E não sei porque, naquele estado geral de completa paz, ela resolveu retomar o tom de sermão, de pregador fanático: “Quem é você , qual é o seu nome?”. Perguntava, em tom enérgico. Eu estava tão fluido, tão oceano, tão movimento puro que, espontaneamente, respondi: “Euclides!”. Não sei porque, foi o nome que me invadiu o espírito e saltou pela boca.
Acho que ela não esperava por resposta alguma, de ninguém: “Euclides?”, como assim?
“Euclides da Cunha, ahahahaha!”. Soltei esta pérola de surtos preciosos em uma risada convulsiva e estranha. Meu corpo estava todo contorcido e minha expressão não era diferente. Um estado de loucura tomava meu ser e eu não era capaz de controlar...
Mas meu surto parou por aí. Penso que a coisa não foi tão grave, pois nossa guru foi capaz de sustentar razoavelmente a situação, não precisando recorrer à qualquer espécie de reprimenda. Talvez tenha sido, quem sabe, até um pouco divertido para as pessoas com quem eu dividia o espaço. Ou no máximo, um pouco desagradável. Fico imaginando possíveis comentários: “Nossa, vocês viram aquele cara? Pirou totalmente”; “Não entendi o que aconteceu”; “Ele estava sabotando a vivência”; “Palhaçada. Falta de maturidade”; “Euclides da Cunha.

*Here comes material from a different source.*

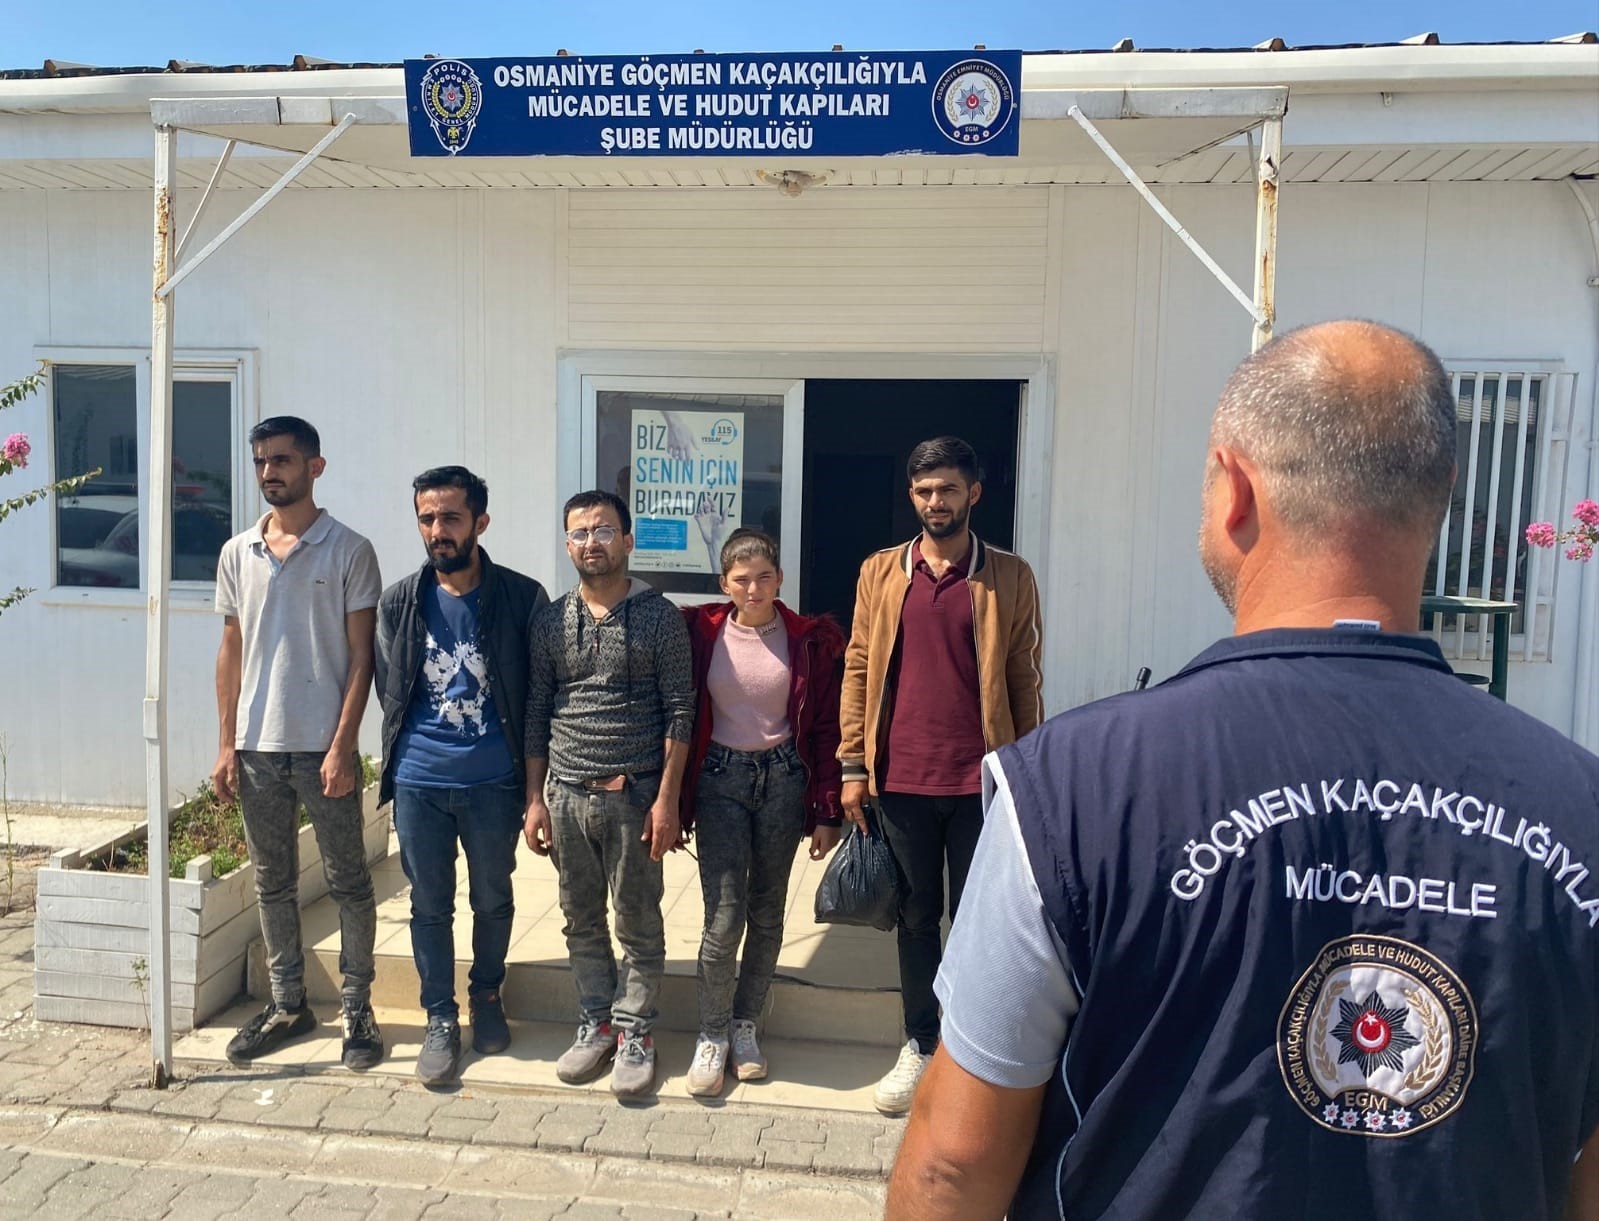  17 düzensiz göçmen 3 organizatör yakalandı

De onde ele tirou isso? Ahahaha....”.
Claro, depois de uma dessas, as reações podem ser as mais diversas e imprevisíveis. Que bom, ninguém disse nada. Com exceção da nossa guru, óbvio:
“Às vezes estamos seriamente doentes e nem percebemos. Nessas horas é preciso procurar ajuda...”.
Dispensou alguns minutos a tecer um pequeno sermão do alto de toda a sua experiência profissional e de vida. O tom solene e sereno nunca se perdia. E seu olhar estava totalmente concentrado em mim.
Um surto, isolado, ali, naquele contexto, segundo ela, fazia de mim um doente.
Depois de uma vivência tão boa e catártica como aquela, a qual havia me conduzido a um transe incontrolável, eu não tinha disposição nem capacidade para debater ou refutar qualquer coisa. Aceitei o rótulo de doente e ouvi a tudo o que ela disse, encarnando profundamente a expressão facial mais doentia que poderia apresentar-lhe.
Não teve dúvidas e não permiti que tivesse: saiu dali com a certeza de que eu era um doente mental.